Verschwiegenheitserklärung lohn Muster

Ich for­de­re Sie da­zu auf, die o.g. Ge­samt­sum­me von X.XXX,XX EUR brut­to um­ge­hend auf mein Ih­nen be­kann­tes Kon­to zu über­wei­sen, so­wie fer­ner je­weils pro rück­stän­di­gem Mo­nats­lohn 40,00 EUR net­to Ver­zugs­kos­ten­pau­scha­le ge­mäß § 288 Abs.5 BGB, zu­sam­men mit­hin 80,00 EUR net­to Ver­zugs­kos­ten­pau­scha­le. Beim Monatslohn wird dem Arbeitnehmer jeden Monat derselbe Lohn geleistet unabhängig davon, wieviele Arbeitstage der konkrete Kalendermonat enthält. Beim Stundenlohn richtet sich die Lohnhöhe nach der tatsächlichen Arbeitszeit, so dass in einem Monat mit weniger Arbeitstagen auch weniger verdient wird als in einem Monat mit mehr Arbeitstagen. Hingewiesen sei auch auf die Möglichkeit, ein verstetigtes Gehalt zu zahlen. Dabei wird eine durchschnittliche Stundenzahl von 173,33 im Monat angesetzt, sodass ein Mindest-Monatsgehalt von 1.620,67 € bei 9,35 €/Stunde gezahlt werden muss. Allerdings ist hier zu beachten, dass es diese Regelung nicht zurzeit noch nicht rechtssicher ist und eine Anerkennung durch die entsprechenden Kontrollorgane nicht garantiert ist. Deshalb ist in dem Fall dringend anzuraten, ein Stundenkonto zu führen, damit zumindest nachgewiesen werden kann, dass das Jahresgehalt den Mindestlohn garantiert. (Hinweis: Eine Anpassung der betroffenen Musterarbeitsverträge bezüglich des neuen Mindestlohns mit Stand 01.01.2020 ist erfolgt.) Unter den untenstehenden Links finden sich zwei kommentierte Musterverträge für die Anstellung im Monatslohn und im Stundenlohn, welche bei der Ausgestaltung des Arbeitsvertrags mit dem Arbeitnehmer als Vorlage benutzt werden können. Die Erhöhung des Mindestlohns gilt automatisch für alle Arbeitnehmer! Arbeitgeber sollten deshalb Arbeitsverträge dahingehend prüfen, ob alle Vorschriften des Mindestlohngesetzes (MiLoG) eingehalten werden. So kann es durch die Erhöhung des Mindestlohns durchaus passieren, dass aufgrund des aktuellen monatlichen Gehaltes und/oder der festgelegten Stundenzahl der Mindestlohn unterschritten wird. (z.

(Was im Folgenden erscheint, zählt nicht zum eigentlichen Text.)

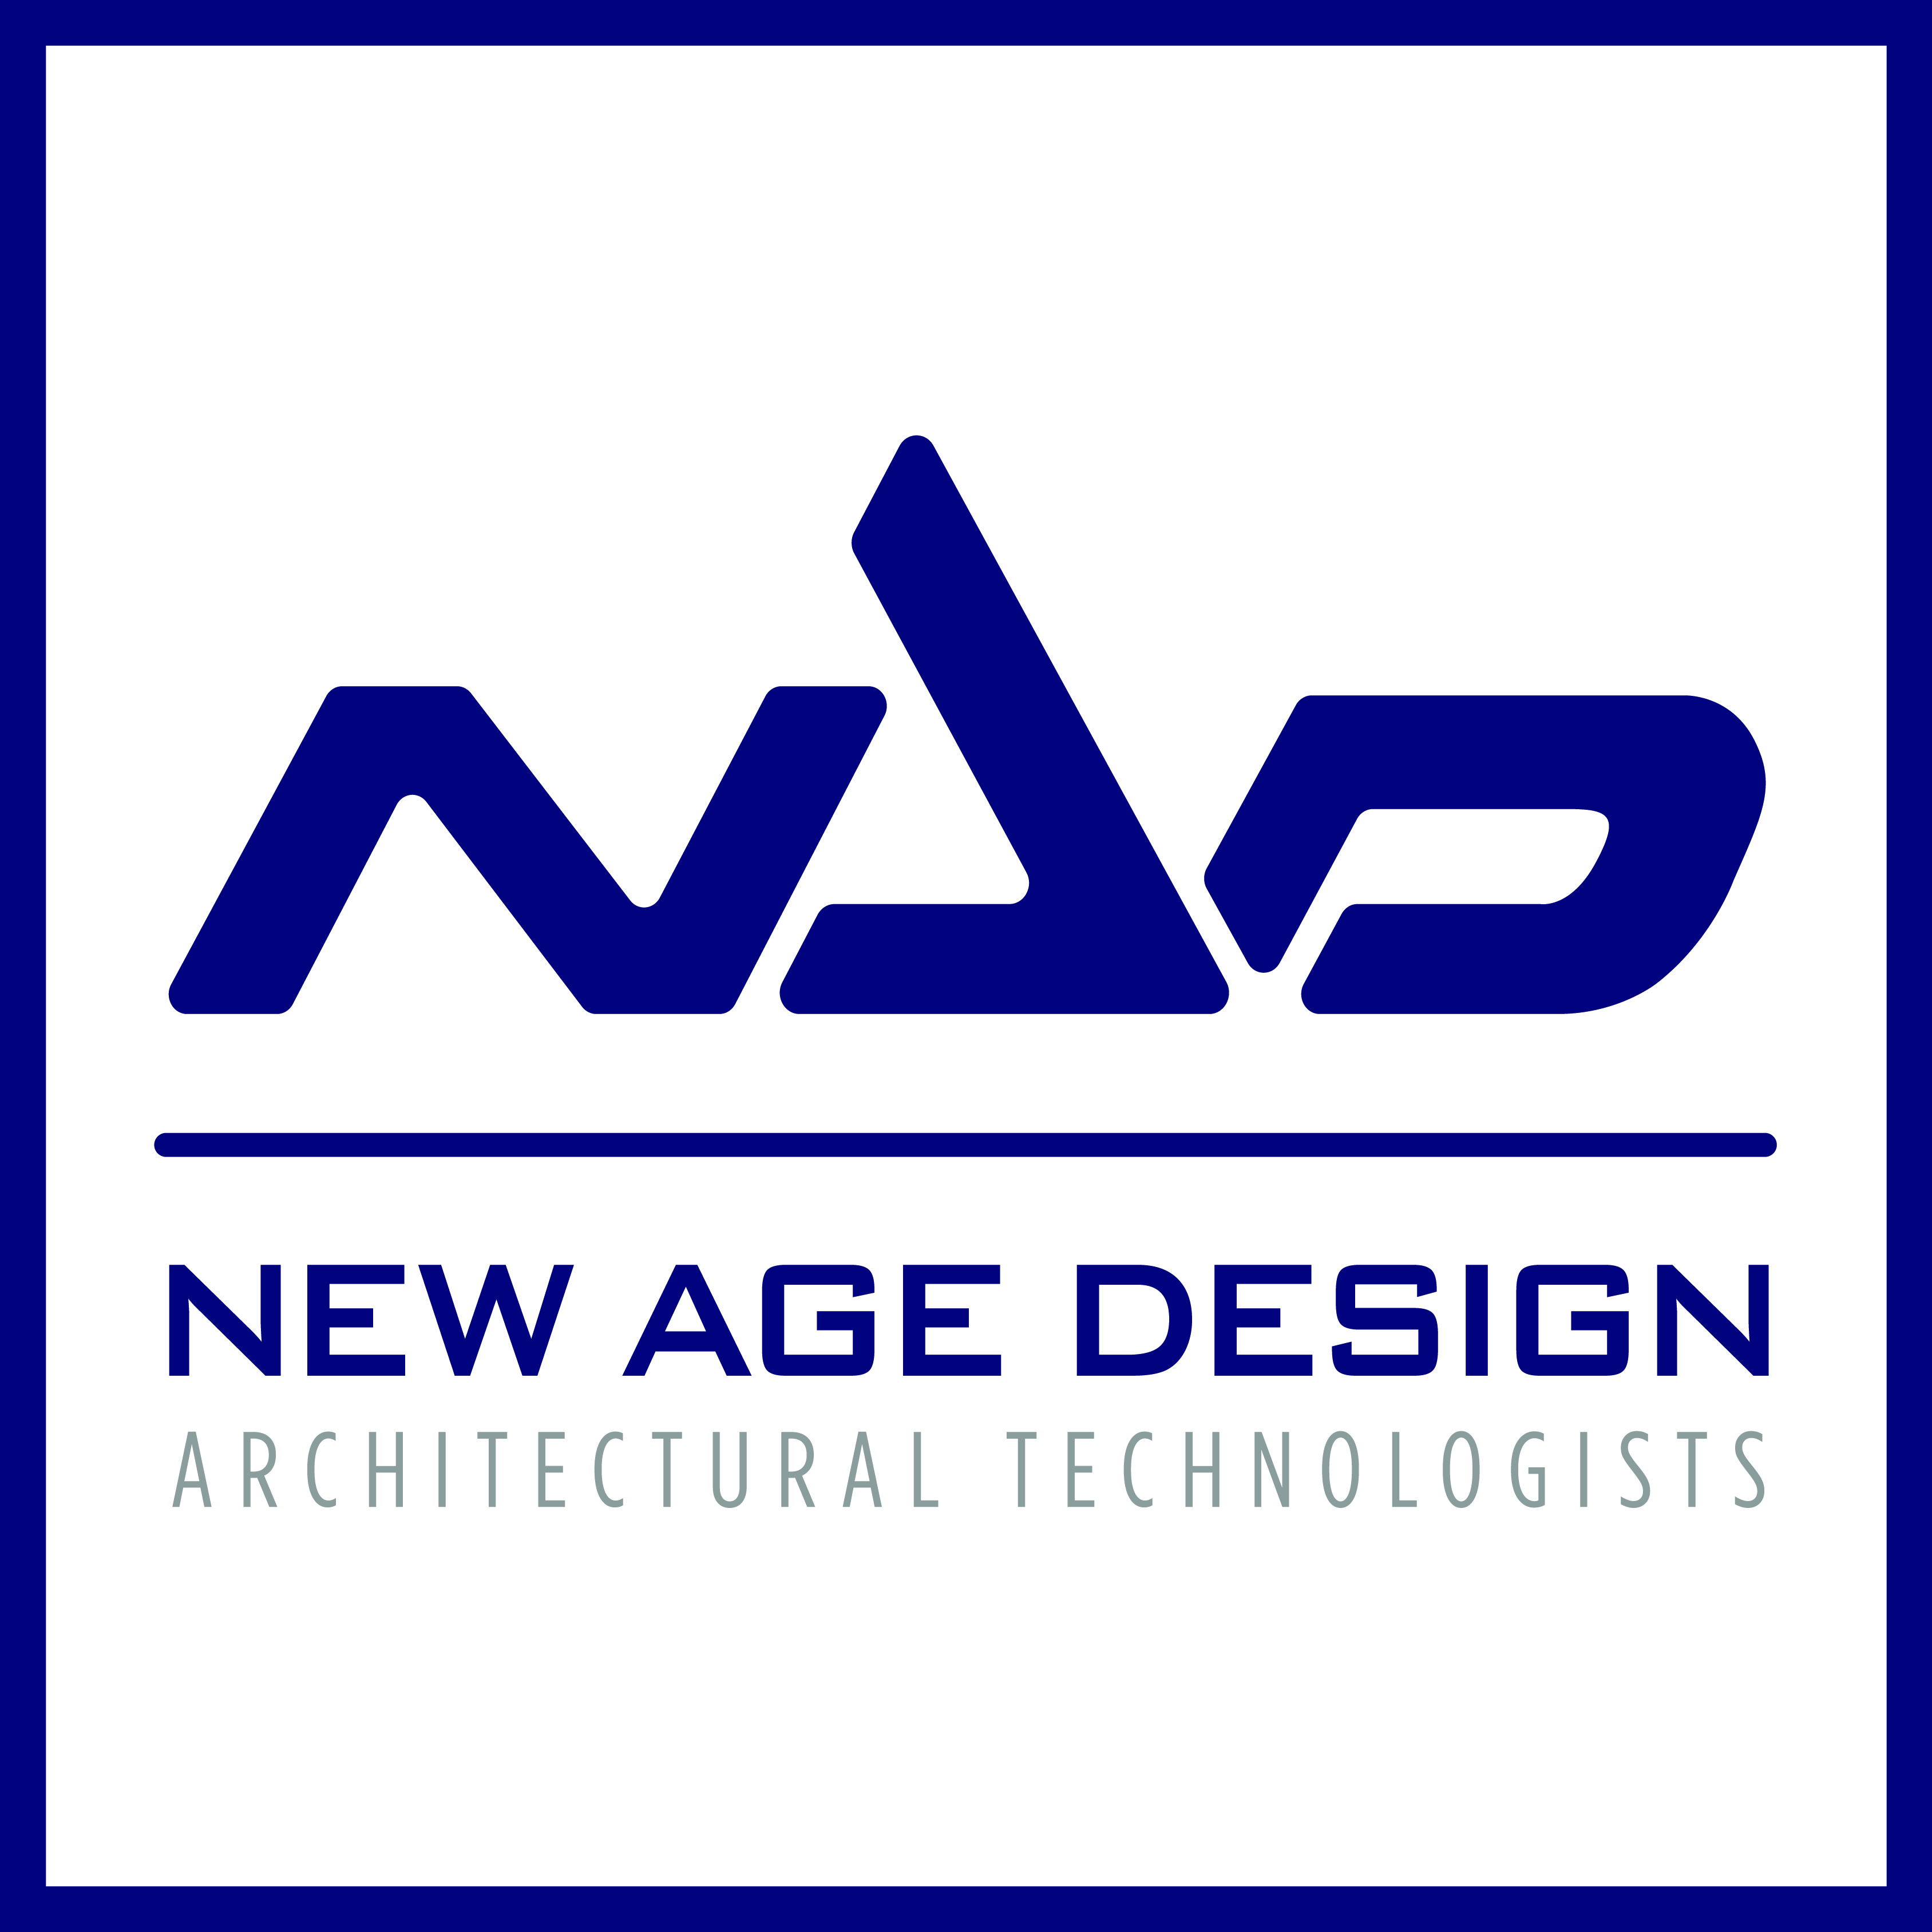 New Age Design

B.: Ein bisher „ausreichendes“ monatliches Gehalt in Höhe von 1.690,96 € liegt ab dem 01.01.2020 in Monaten mit 23 Arbeitstagen unter dem gesetzlich vorgeschriebenen Mindestlohn! Denn: 23 Tage x 8 Stunden/Tag (= 184 Arbeitsstunden) x 9,35 €/Stunde = 1.720,40 € Mindestlohn).